The FRED Blog has discussed how mortgage interest rates affect decisions in the housing market and how the construction of new housing slowed down after the 2007-2009 Financial Crisis. Today we examine the cycles in sales and new construction.
The FRED graph above shows the percent change from the preceding year in the quarterly number of new single-family houses sold (the orange bars) and in the number of housing starts (the blue bars), which represent new single-family homes under construction. You do not see much of a difference between the two sets of bars because growth in house sales frequently coincides with new housing construction—a.k.a, housing starts.

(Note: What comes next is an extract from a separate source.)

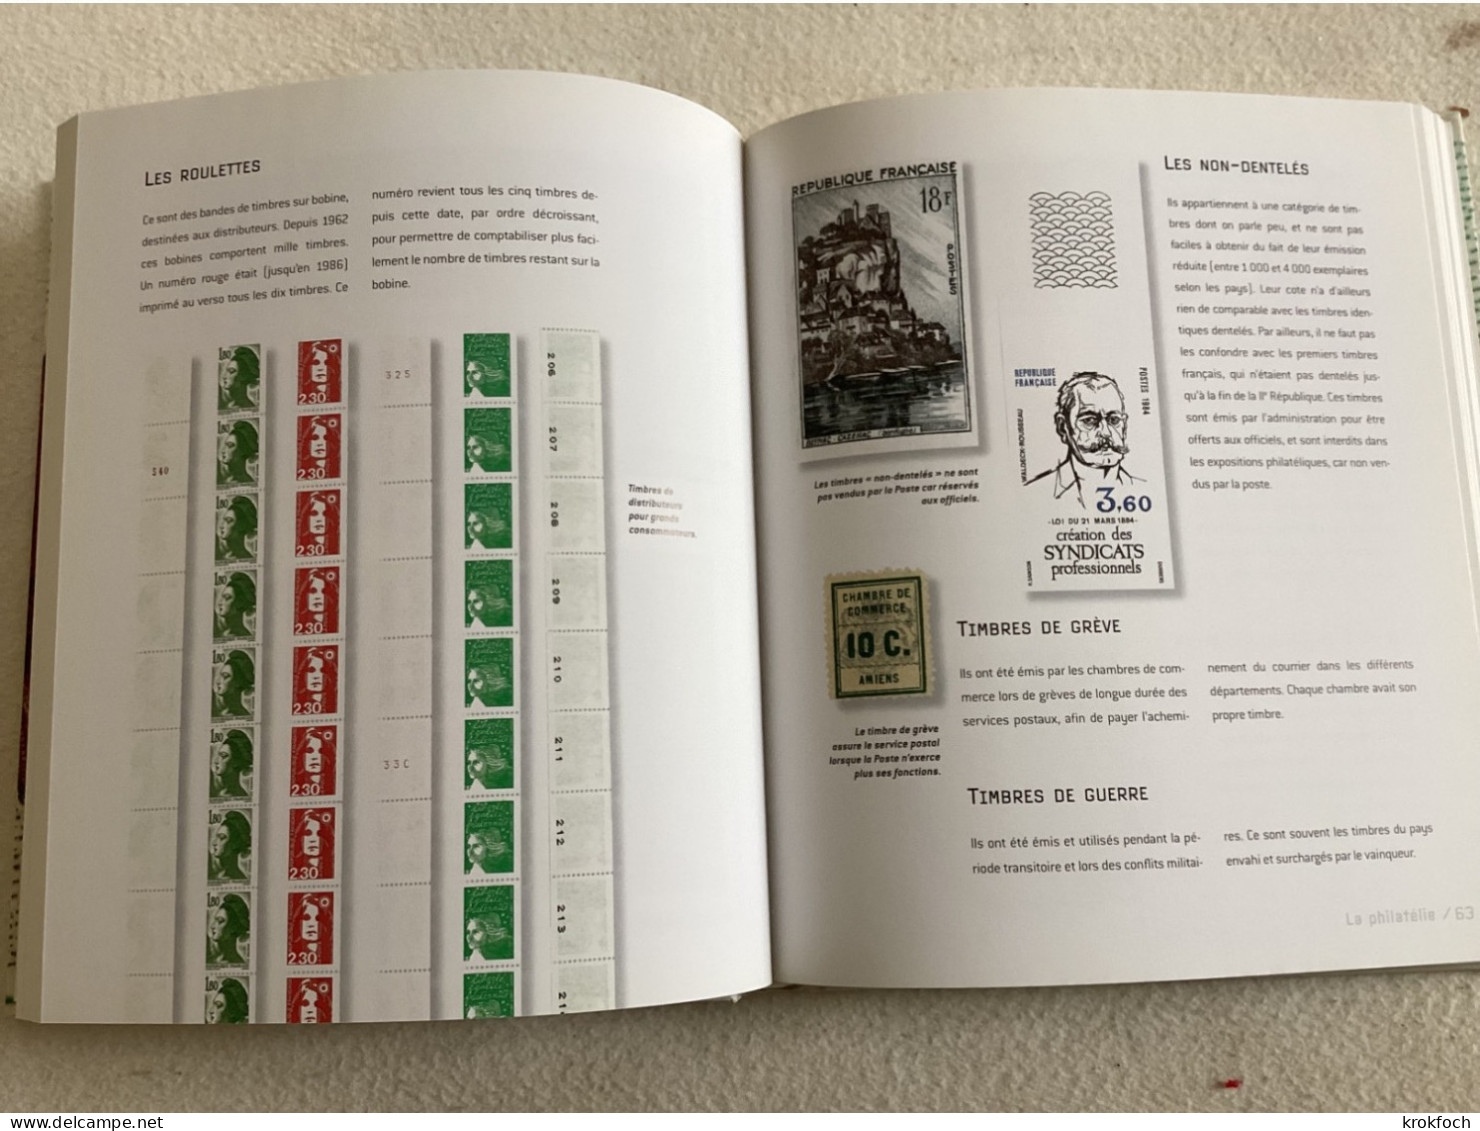 La Philatélie - Album Relié & Cartonné 180 P - 2005 - Vulgarisation Poussée - Nb Items & Illustration - Manuali
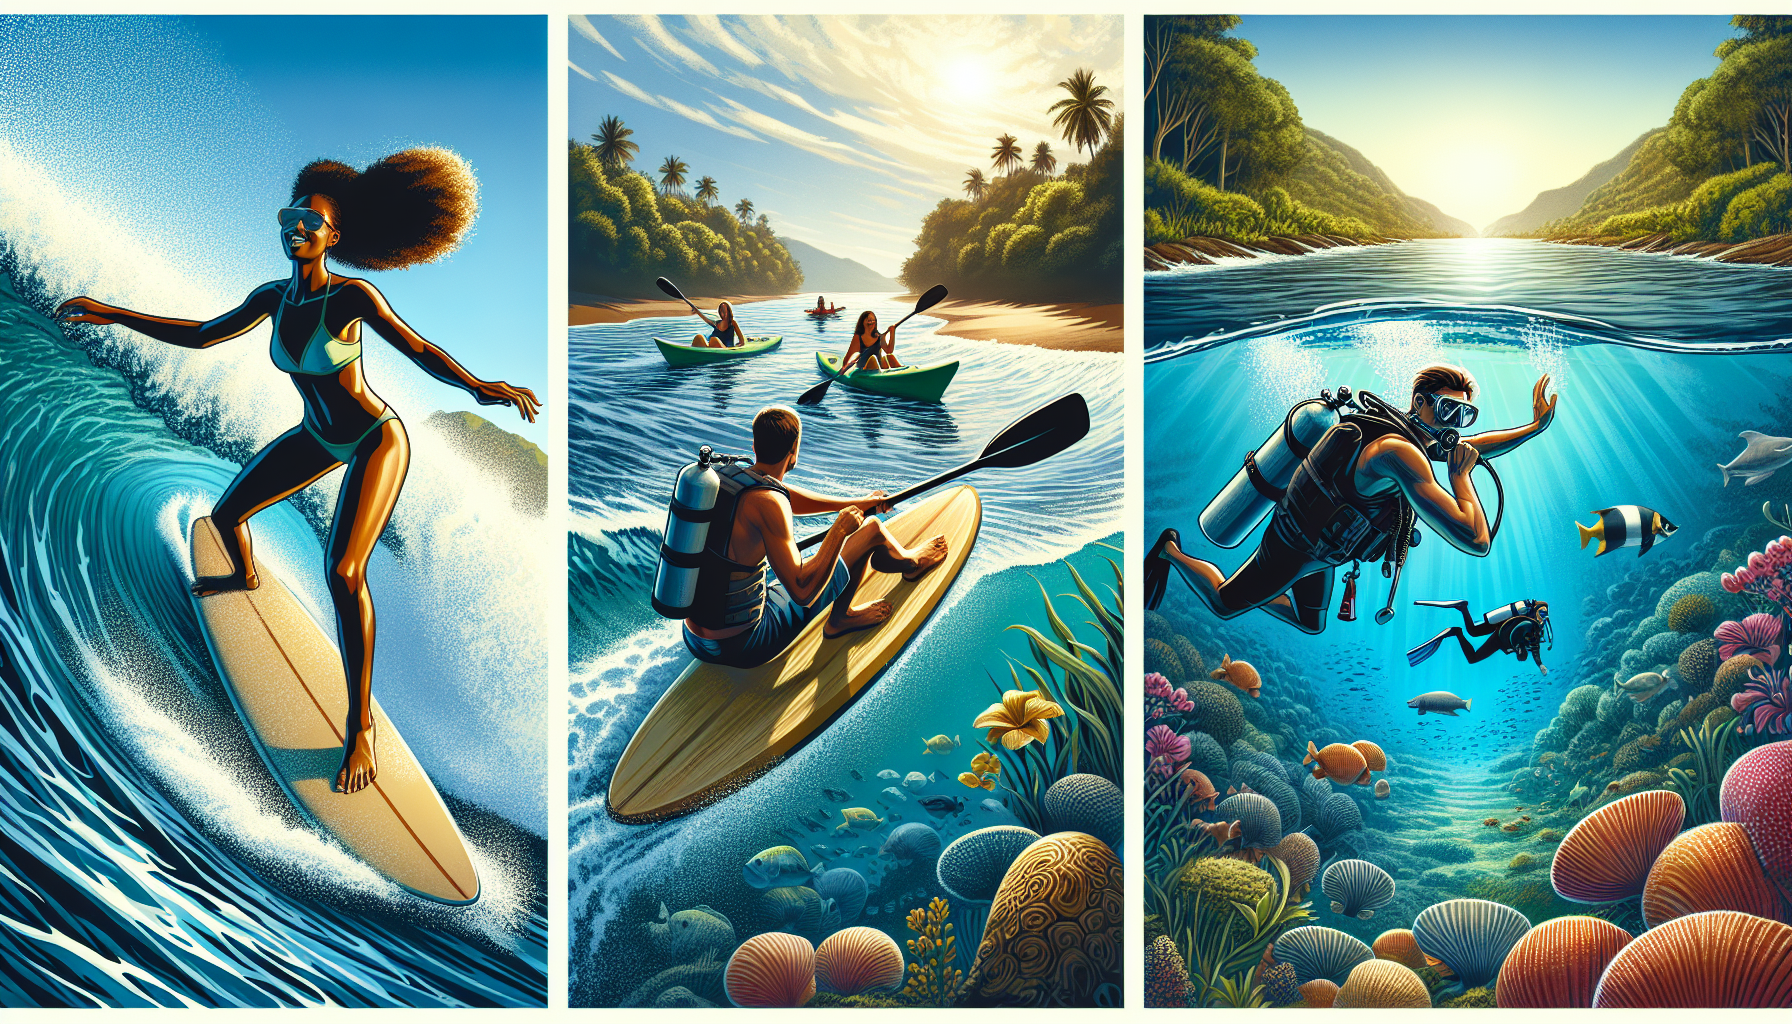 Tham gia các hoạt động thể thao nước như lướt sóng, đi kayak, lặn biển

That suggests that a booming (or contracting) housing market rapidly increases (or decreases) new residential building activity.
But building a new house is a time-consuming endeavor and it takes several months to finish a construction project and put a new house on the market. The FRED graph above compares growth in housing starts (again in blue) to growth in the number of single-family homes for sale (the red bars). Now you can see each set of bars more distinctively because there is a lag between the timing of expansions and contractions in new home starts and the listing of homes for sale. On average, the peak in the number of homes put up for sale is recorded approximately a year after the peak in new building activity.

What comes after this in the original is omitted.